I am quickly drawn to 7-month-old baby Julia, a chubby darling with wide brown eyes. She seems to be sitting up straighter, and managing to hold her head up higher than the other babies in the room. It’s a skill they should have all mastered by three months of age.
I cuddle her in my arms and quickly feel the rigidity in her muscles, a classic sign of microcephaly. Despite that, she grasps my finger firmly.
“That’s a good grip!” I tell her with a smile. “Can I give your hand a kissie?” I kiss it again and again, with exaggerated smacking sounds. And guess what? Julia laughs! And then she stares deeply into my eyes.
“We’ve got a connection here,” I tell her mom. “We have certainly got a connection.”
And then we all laugh, Julia included.
A ray of hope?
The clinic is the brainchild of hospital director Dr. Antonio Raimundo Pinto de Almeida and Yale University Professor Dr. Albert Ko. Along with Filho, they are part of a multi-disciplinary team that had been studying health issues in urban slums for more than 20 years when Zika appeared on the scene. They quickly turned their attention to the virus and began to investigate the unknowns. To do so, they found and enrolled more than 1,200 women in the area to follow the progress of their babies, many born with microcephaly.
They were one of the first teams in Brazil to discover birth defects beside microcephaly in children born of Zika, and began cataloging their findings months ago. Even in children born with normal heads, they’ve documented eye lesions, hearing loss and developmental delays, and fear they have only seen a small part of what Zika may have in store.
Filho and I huddle in front of images of Julia’s brain, captured by a CAT scan and projected upon the wall. He points to the telltale signs of microcephaly, calcifications and a loss of brain volume, and shows me how he can tell that Julia was one of the unlucky ones. Her mother was bitten in her first trimester of pregnancy. Studies show the brains of those children are the most severely damaged.

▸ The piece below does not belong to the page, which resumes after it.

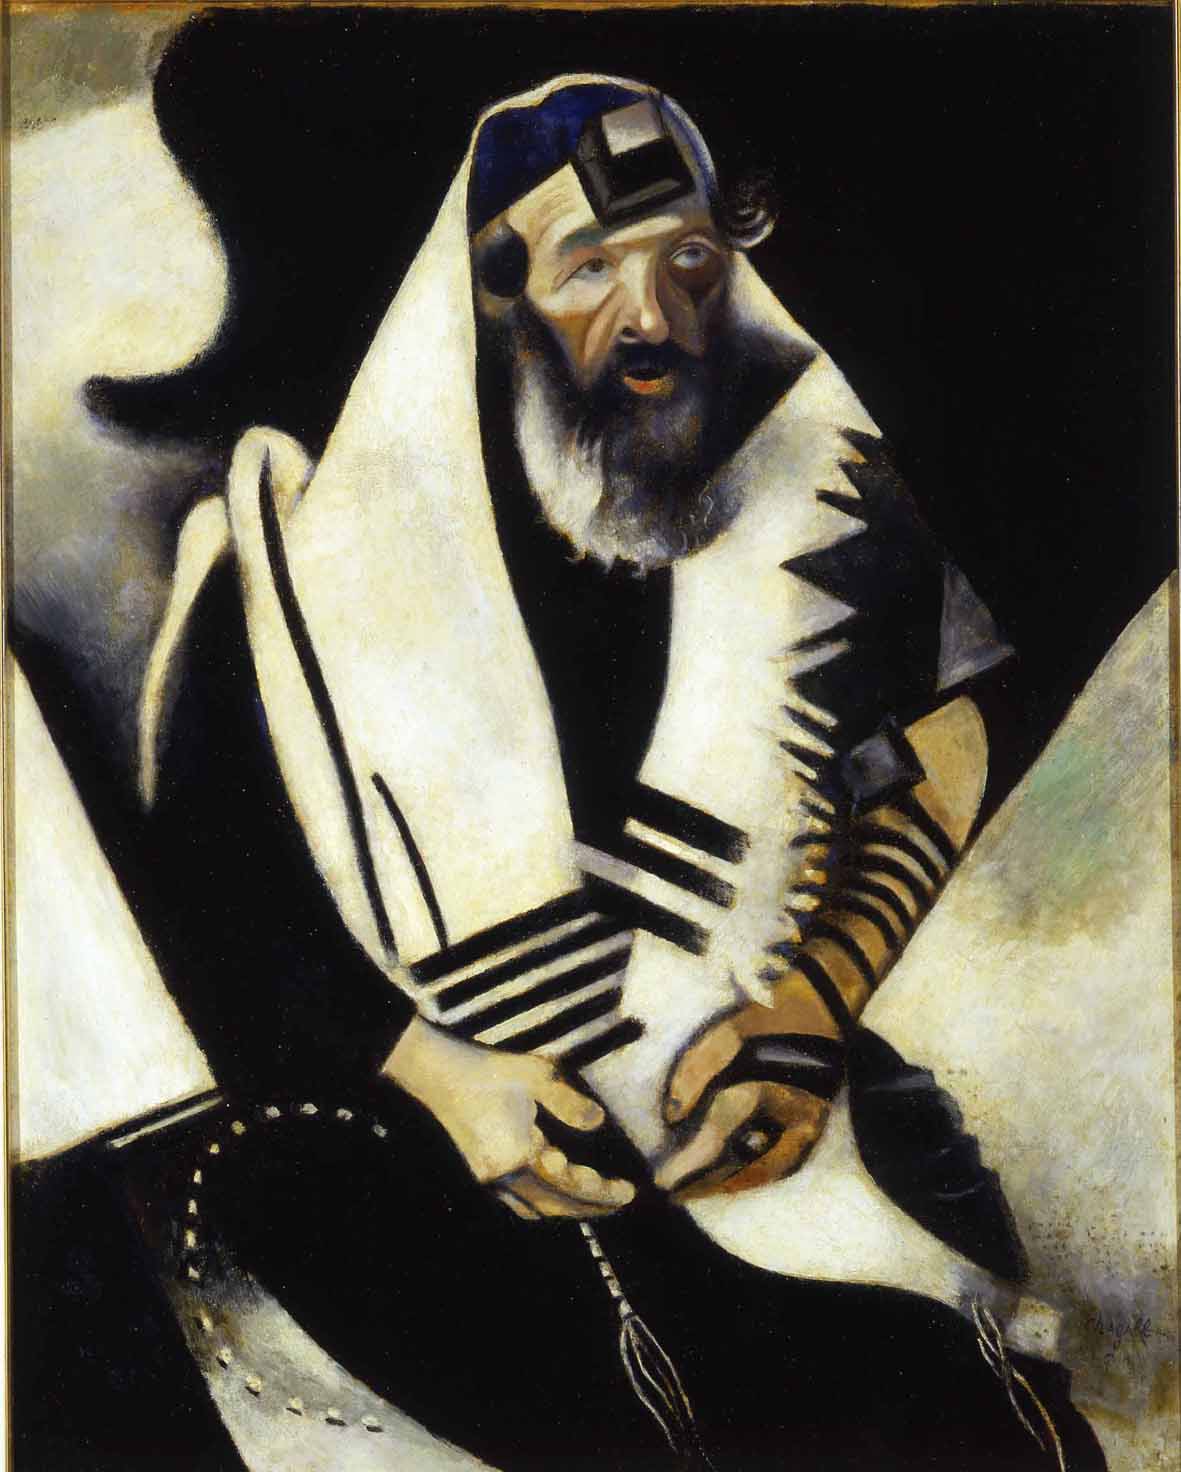 Marc Chagall: Rabbino n.2 o Rabbino di Vitebsk, 1914-22, olio su tela, 104x84cm. Ca’ Pesaro – Galleria Internazionale d’Arte Moderna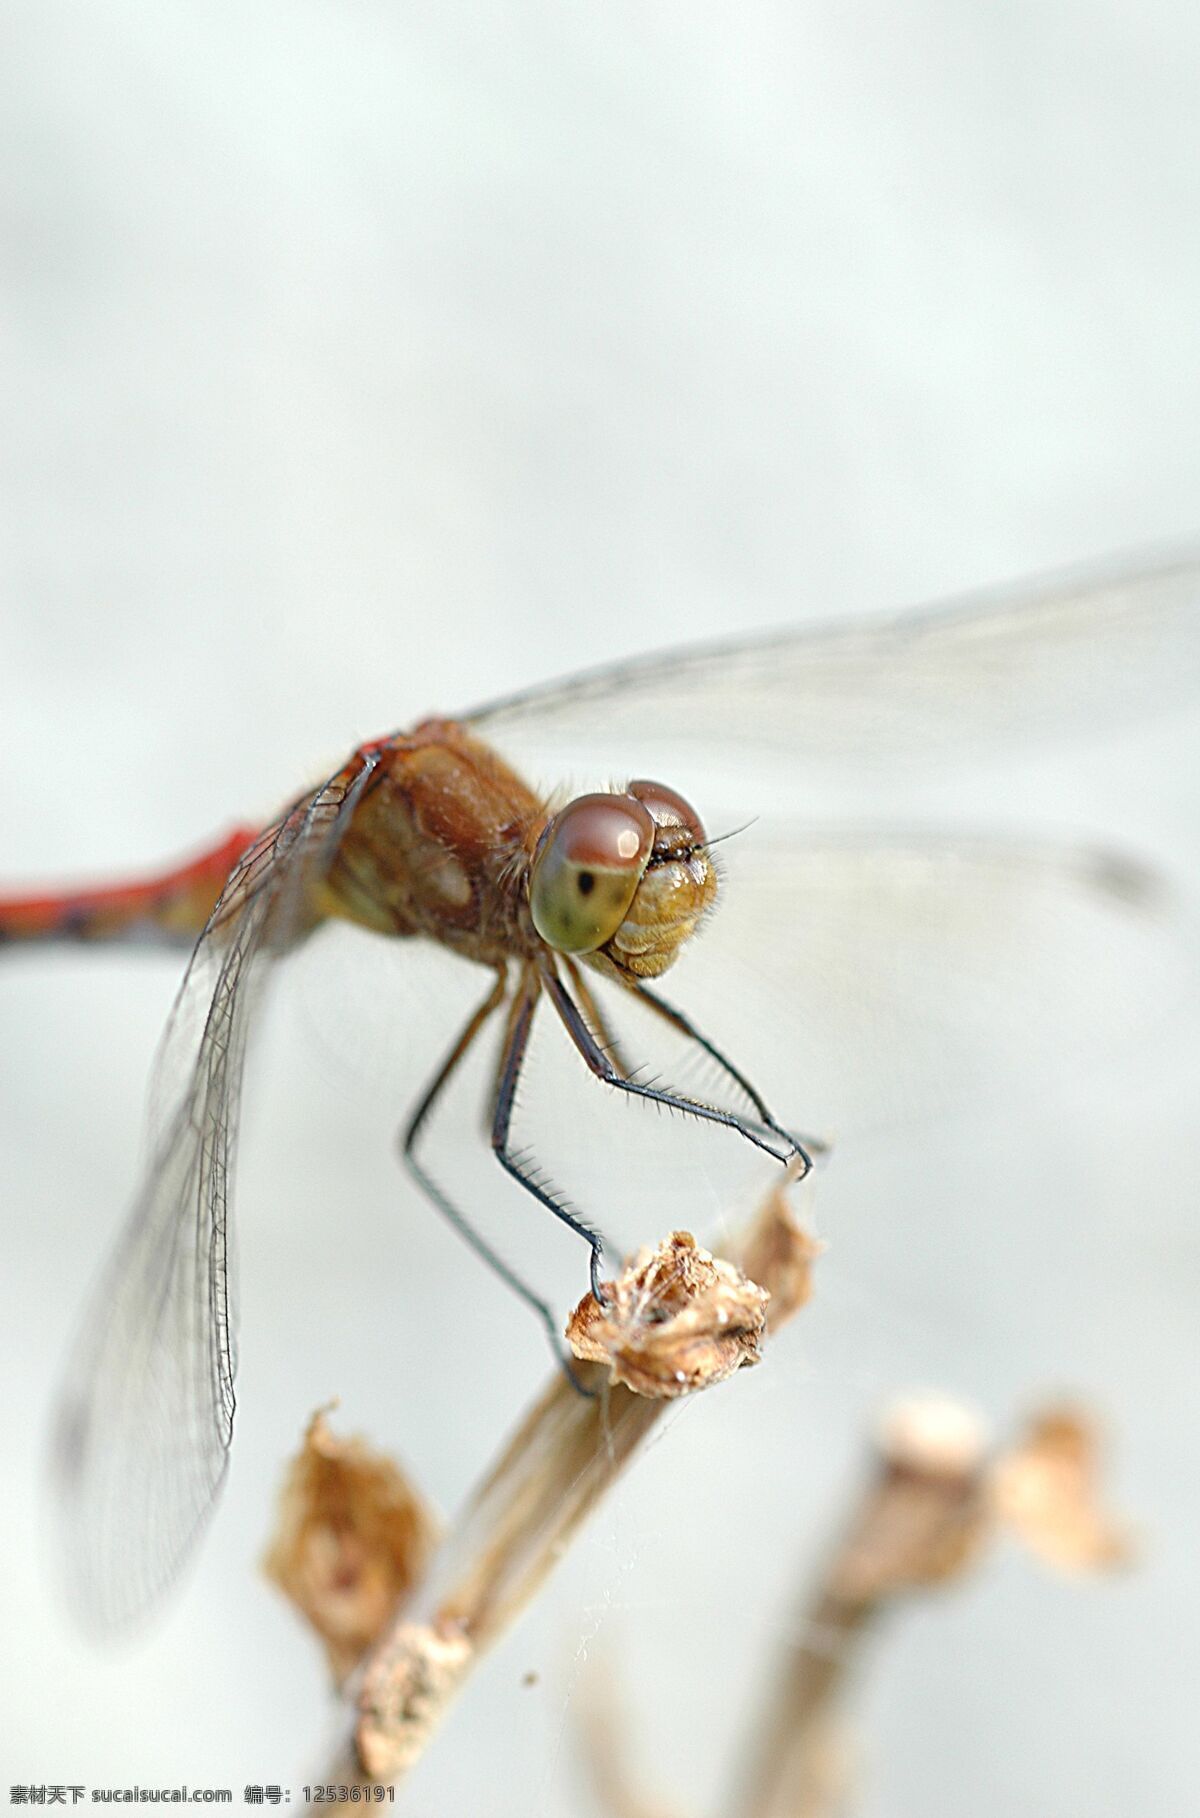 蜻蜓 昆虫 摄影图库 生物世界 特写 头部 枝叶 复眼 微观世界

“You see the brain is severely distorted,” says Filho, pointing with his finger. “This is pretty severe for a congenital disease.”
Is there anything he’s learned from these brains that has surprised him?
“Certainly the difference between how severe the brains look and how well the children are developing. I think with the stimulation the children are getting from the therapy, we see better outcomes than we’d expect from looking at the scans.”
Is that some good news? I’m hoping the answer is “yes.”
“That’s some good news, yes,” he tells me. “At least for the time being, they are growing well, despite all of the challenges they are facing.”